Results: The ANOVA for peak performance did not show any significant main effects of stimulus class and length [F(2,14)<1, n.s.; F(1,7)=1.6, p=.24]. The ANOVA for peak location revealed a significant interaction between stimulus class and length [F(2,14)=3.8, p<.05]. Post-hoc paired t-tests revealed that the peak locations were significantly shifted towards auditory leading for melodies compared to tones [t(7)=2.4, p<.05], and for melodies compared to SWS sentences [t(7)=-2.3, p=.053]. The ANOVA for width revealed significant main effects of stimulus class and length [F(2,14)=9.3, p<.005; F(1,7)=11.0, p<.05] in the absence of an interaction [F(2,14)<1, n.s.]. Post-hoc paired t-tests revealed that the widths were wider for SWS speech than natural speech [t(7)=7.0, p<.005] and music [t(7)=2.4, p=.05]. Furthermore, the widths were narrower for long stimuli (i.e. sentences and melodies) than short stimuli (i.e. syllables and tones) [t(7)=-3.3, p<.05]. With respect to the asymmetry, there was a significant main effect of stimulus length [F(1,7)=7.1, p<.05] but not stimulus class [F(2,14)=1.1, p=.35], thus indicating that the psychometric curves were more asymmetric for long stimuli (i.e. sentences and melodies) than short stimuli (i.e. syllables and tones).

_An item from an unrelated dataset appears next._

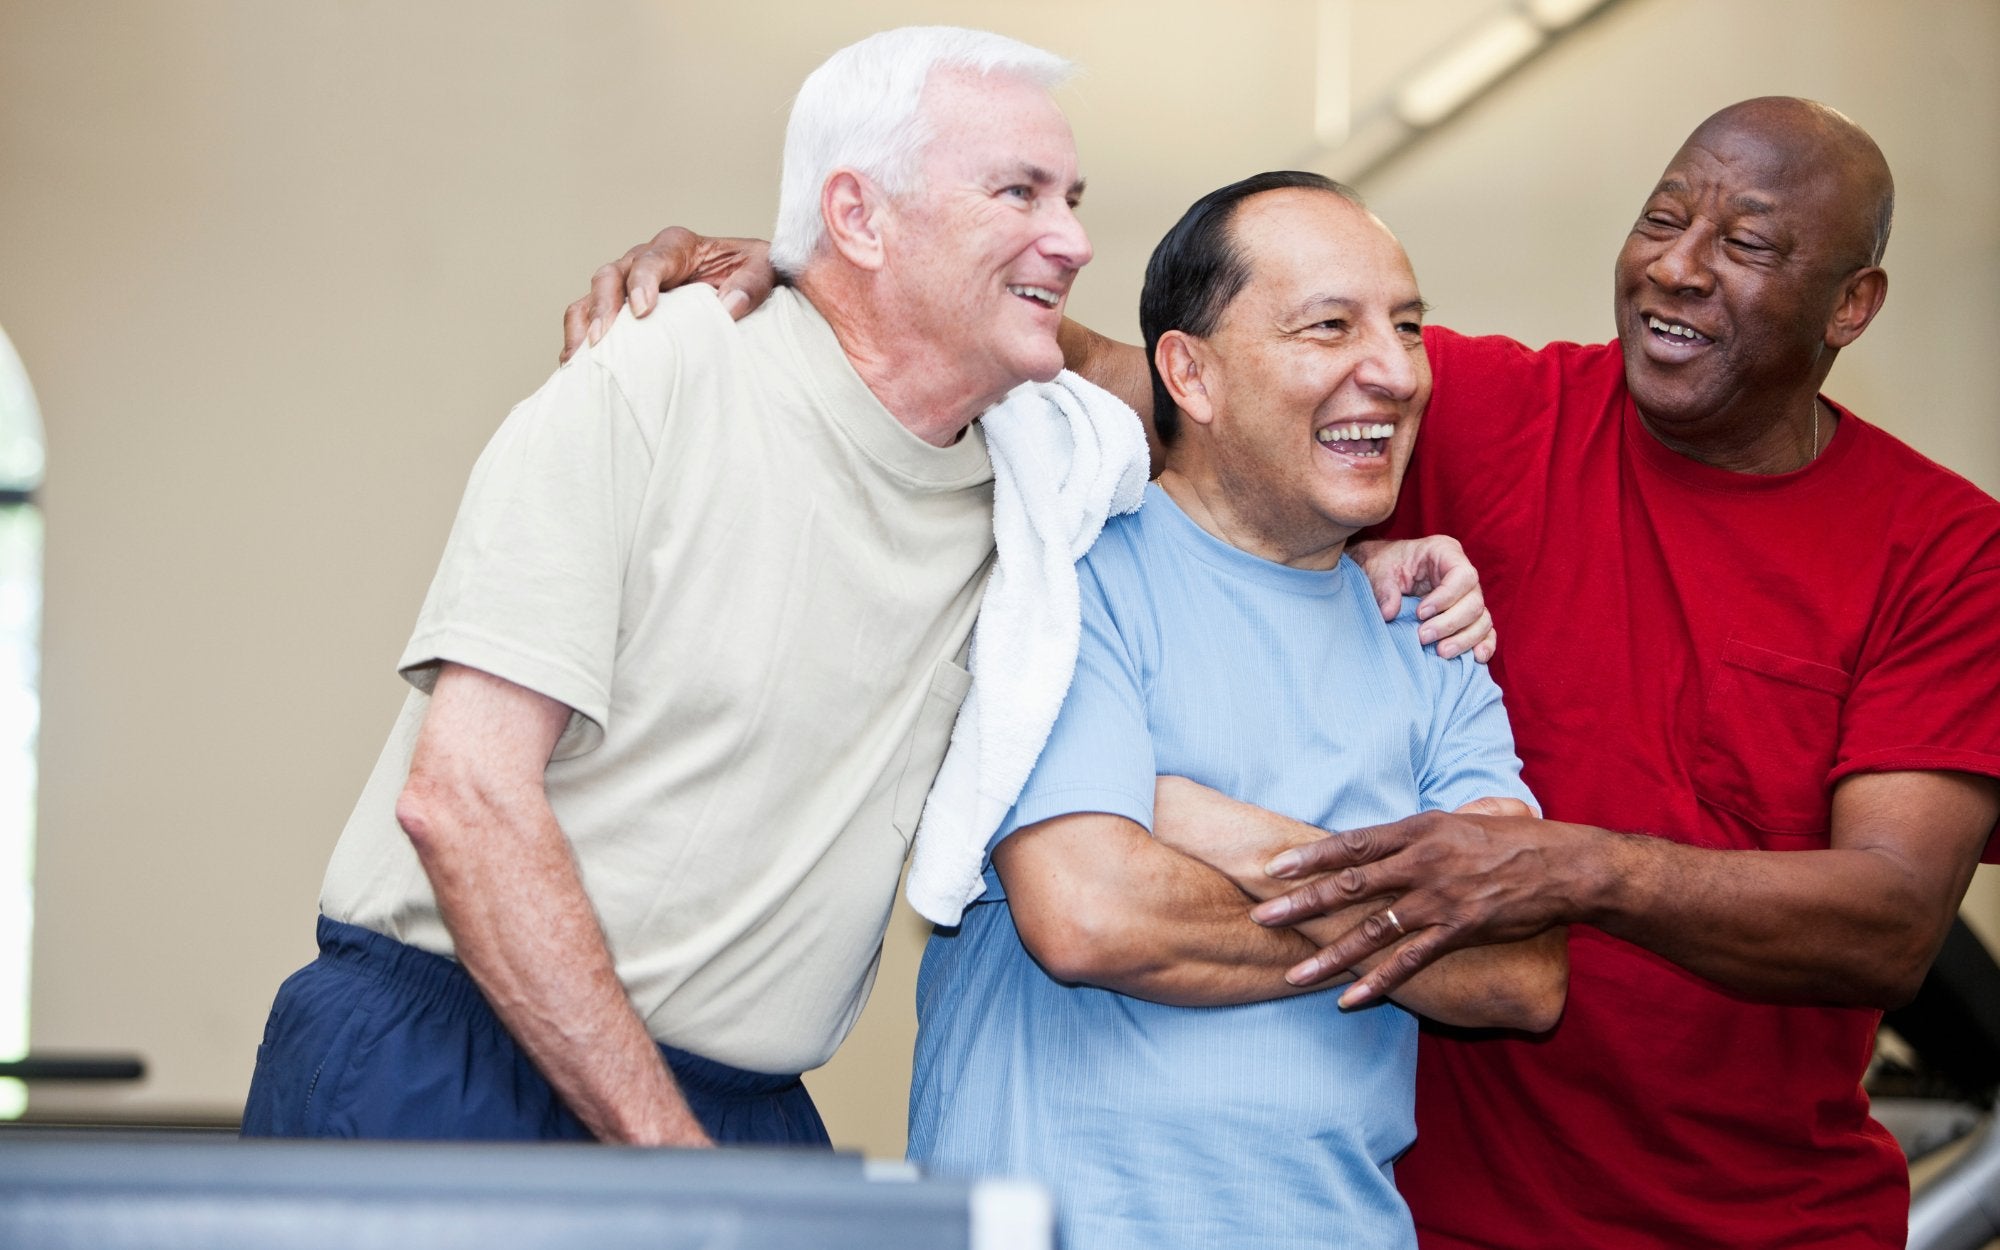 What is the best age to start taking care of your prostate? - Utiva USA
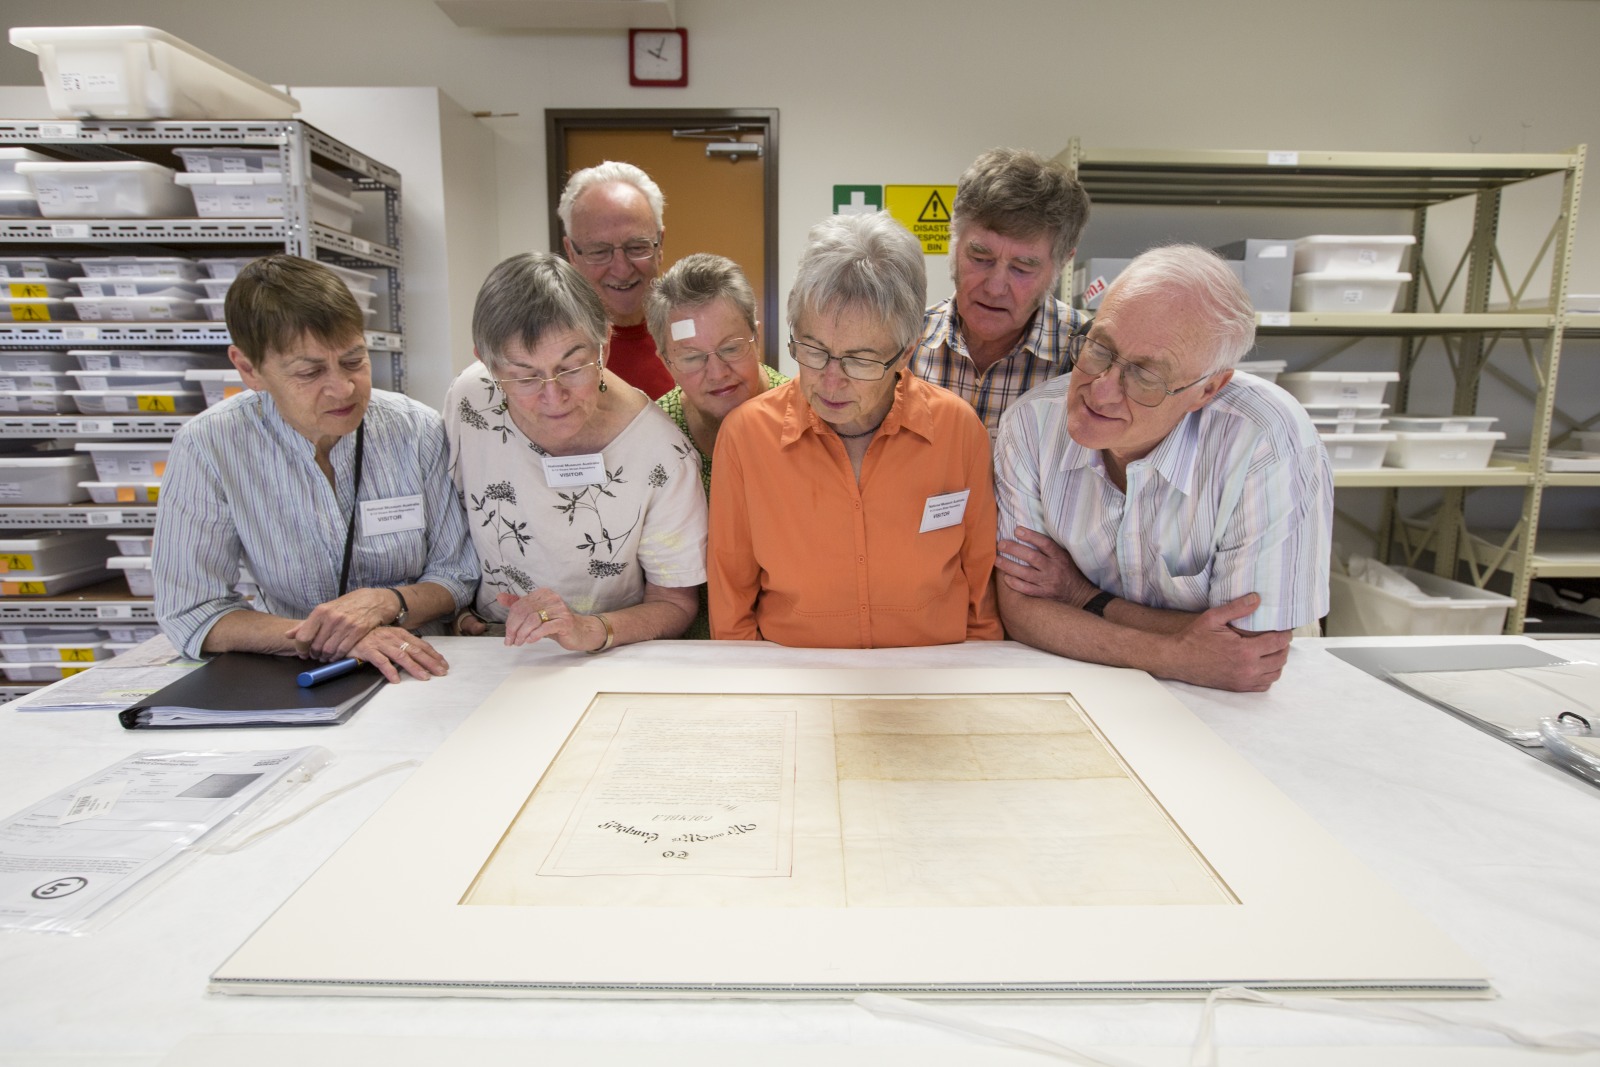 The four reunited Campbell descendants, joined by two of their spouses, celebrate their family history by inspecting the letter of sympathy presented to David and Amelia by the inhabitants of Forbes. Photo by Jason McCarthy, National Museum of Australia

Conclusion: Our results demonstrated that the psychometric curves were narrower and more asymmetric for long stimuli (i.e. sentences and melodies) than short stimuli (i.e. syllables and tones). Thus, participants may rely on information during the entire sentence for synchrony judgments. In addition, our results demonstrated that the psychometric curves were wider but less asymmetric for SWS speech relative to natural speech and music. Collectively, our results support the hypothesis that audiovisual speech perception is fine-tuned to the natural mapping between facial movement and spectrotemporal structure of natural speech.
Reference:
1. Maier J., Luca M.D. and Noppeney U. (2009). Audiovisual asynchrony detection in human speech (submitted).